Watch this Nvidia demo and imagine actually speaking to AI game characters

A cyberpunk ramen shop owner digitally rendered with AI voiceover that responds to human input.
Image: Nvidia

At Computex 2023 in Taipei, Nvidia CEO Jensen Huang just gave the world a glimpse of what it could be like when gaming and AI collide – with a graphically stunning rendering of a cyberpunk ramen shop where you can actually talk to the owner.

Seriously, instead of clicking dialog options, it imagines you could hold down a button, just say something in your own voice, and get an answer from a video game character. Nvidia calls it a “peek into the future of games”.

Unfortunately, the actual dialogue leaves a lot to be desired – maybe try GPT-4 or Sudowrite next time, Nvidia?

Here’s the entire conversation I hastily transcribed:

Player: Hey Jin, how are you?

Jin: Unfortunately not so well.

How is that possible?

I’m worried about the crime around here. It’s gotten bad lately. My ramen shop got caught in the crossfire.

Can I help?

If you want to do something about this, I’ve heard rumors that the powerful crime lord Kumon Aoki is wreaking havoc in the city. He may be the cause of this violence.

I will talk to him, where can I find him?

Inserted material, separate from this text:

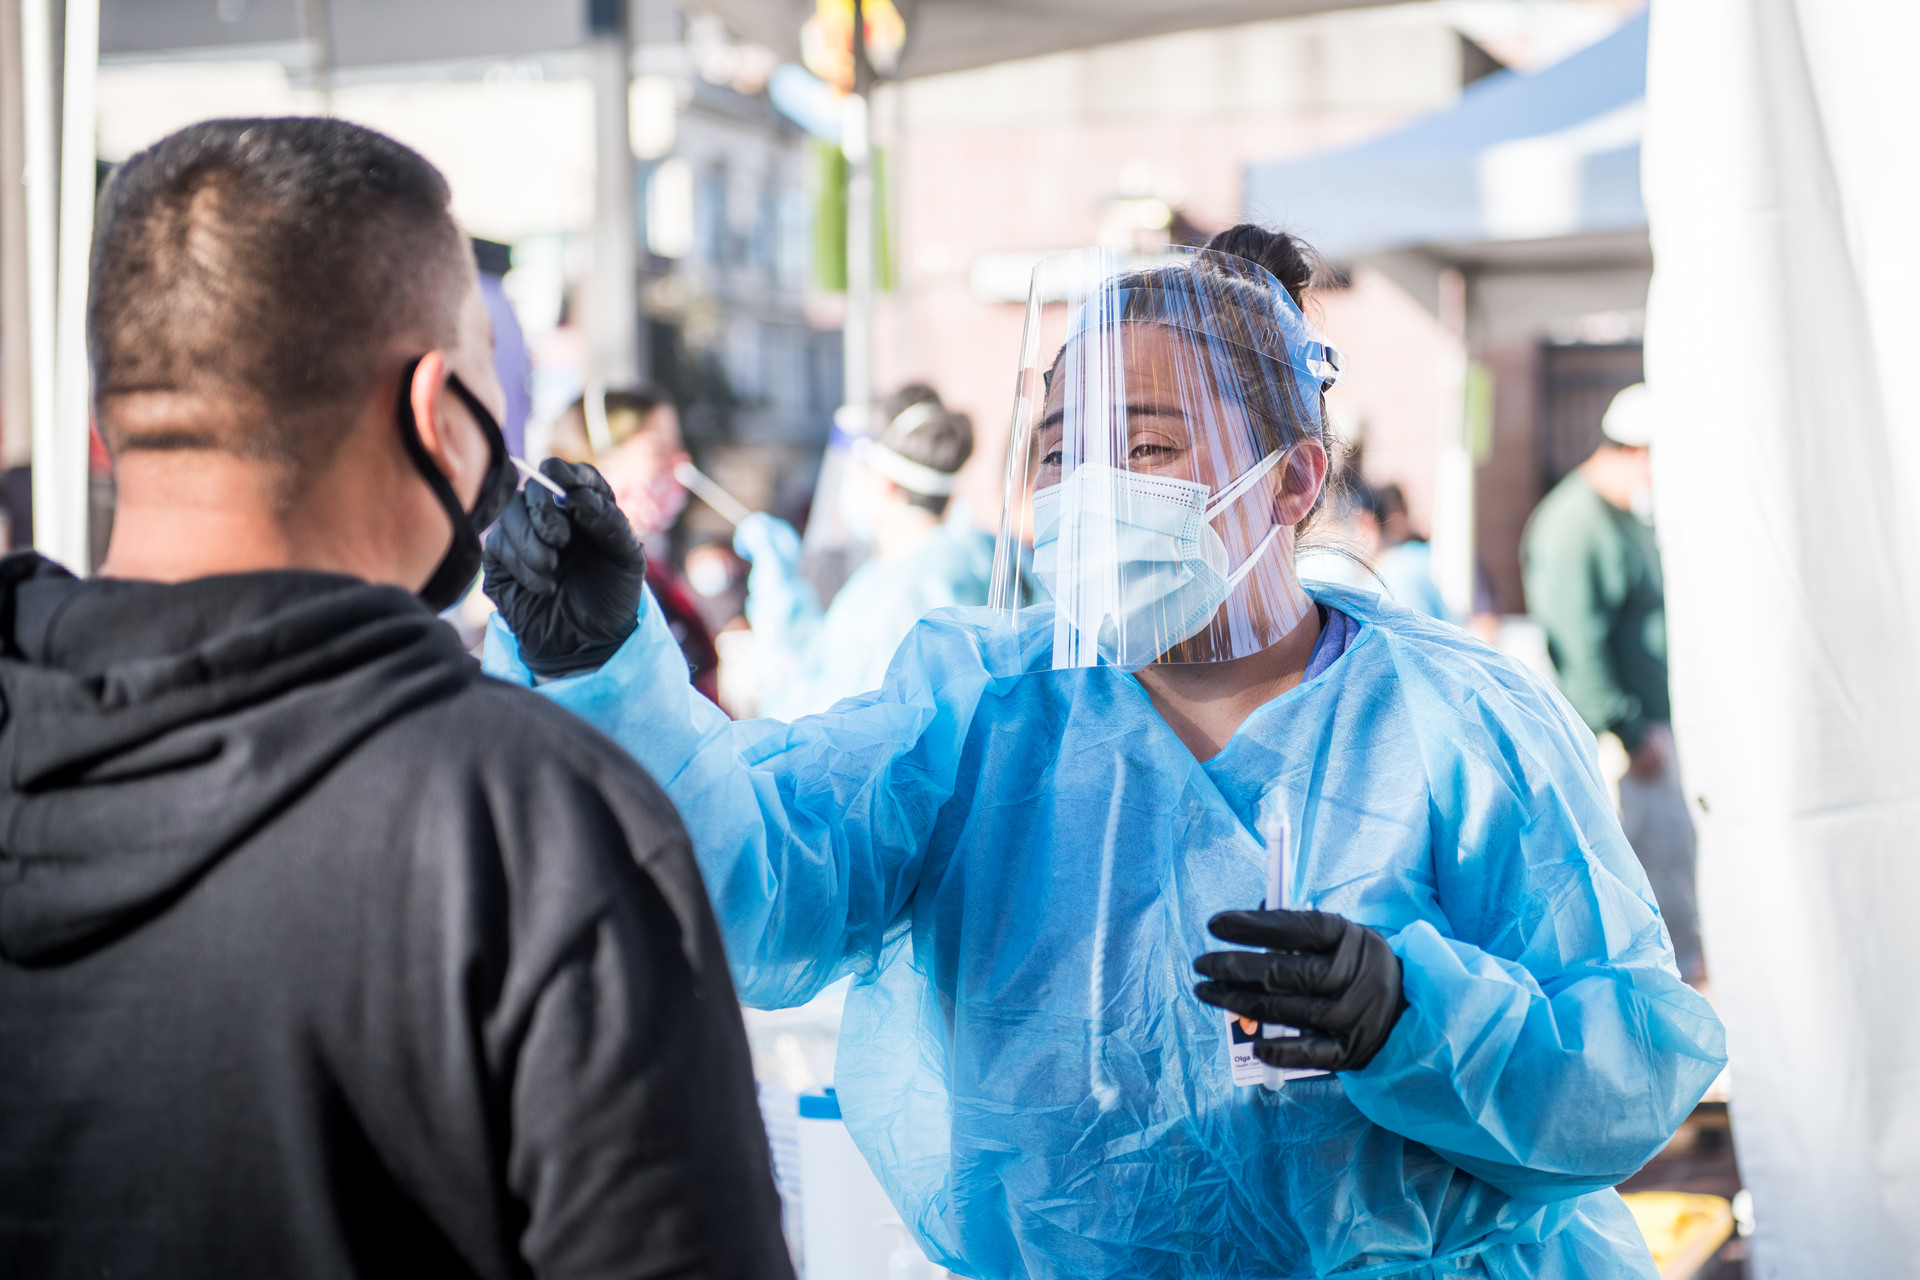 nurse in full PPE prepares to swab man wearing a mask facing away from camera, outside in sunlight
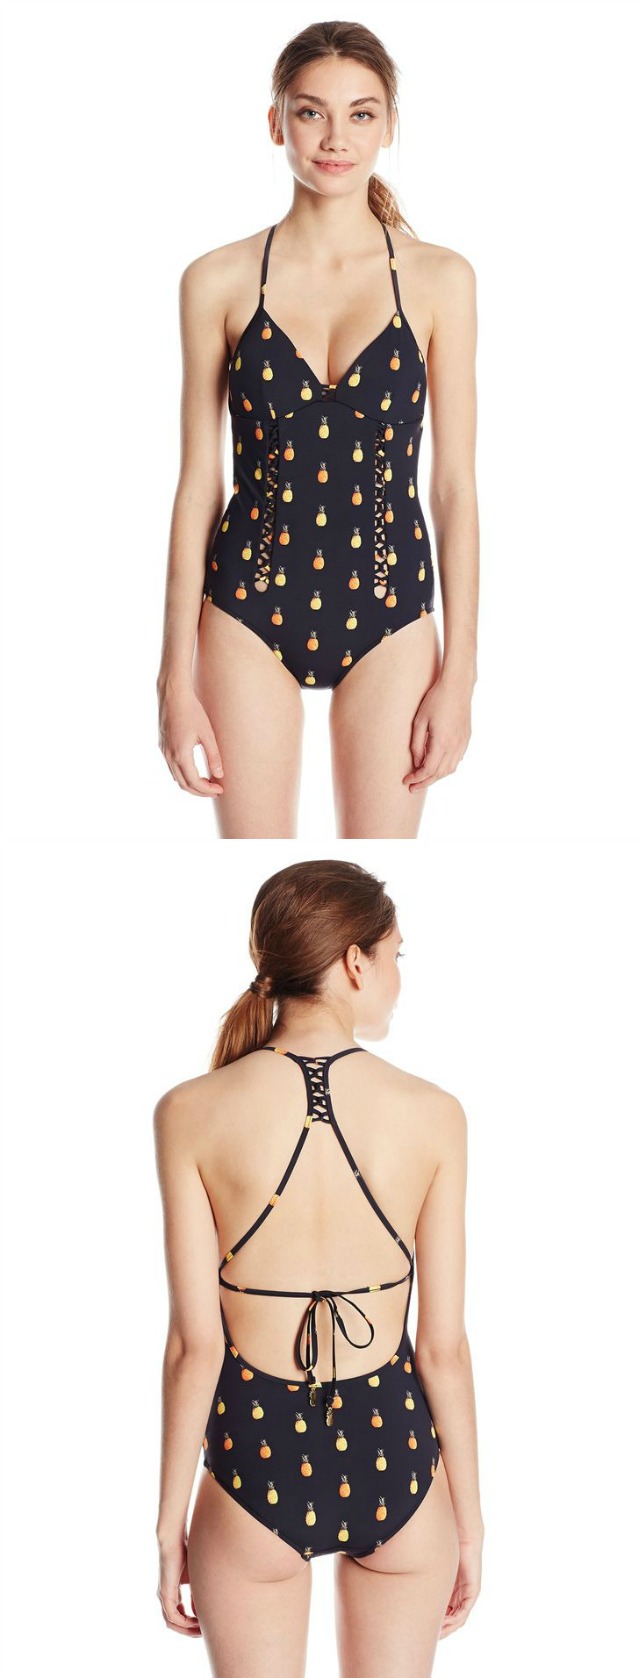 Swimsuits - Cutest swimsuits at the36thavenue.com MUST SEE!

I hear he hangs out in the underground fight clubs on the east side of town. Try there.

OK, I’m going.

Be careful, Kai.

Watching a single video of a single conversation, it’s hard to see how this beats choosing from an NPC dialogue tree – but what’s impressive is that the generative AI responds to natural speech. Hopefully Nvidia will release the demo so we can try it ourselves and get some radically different results.

Screenshot of Sean Hollister / The Verge

The demo was built by Nvidia and partner Convai to promote the tools used to create the demo, specifically a suite of middleware called Nvidia ACE (Avatar Cloud Engine) for games that can run locally or in the cloud. The full ACE suite includes the company’s NeMo tools for deploying large language models (LLMs), Riva speech-to-text, and text-to-speech, among others.

The demo uses more than just that, of course – it’s built into Unreal Engine 5 with loads of ray-tracing… Right now, we’ve just seen much more engaging dialogue from chatbots, trite and distracting as they can be at times.

Screenshot of Sean Hollister / The Verge
Click for larger screenshot.

In a Computex pre-briefing, Nvidia VP of GeForce Platform Jason Paul told me that yes, the technology can scale up to more than one character at a time and, in theory, even allow NPCs to talk to each other – but he admitted he hadn’t seen that that tested.

It’s not clear if any developer will embrace the entire ACE toolkit as the demo attempts, but STALKER 2 Heart of Chernobyl And Fortress Solis will use the part Nvidia calls “Omniverse Audio2Face” which attempts to match a 3D character’s facial animation with their voice actor’s speech.

Correction, 11:25 PM ET: It was Jason Paul of Nvidia, not Reverend Lebaredian, who answered my question. I regret the mistake.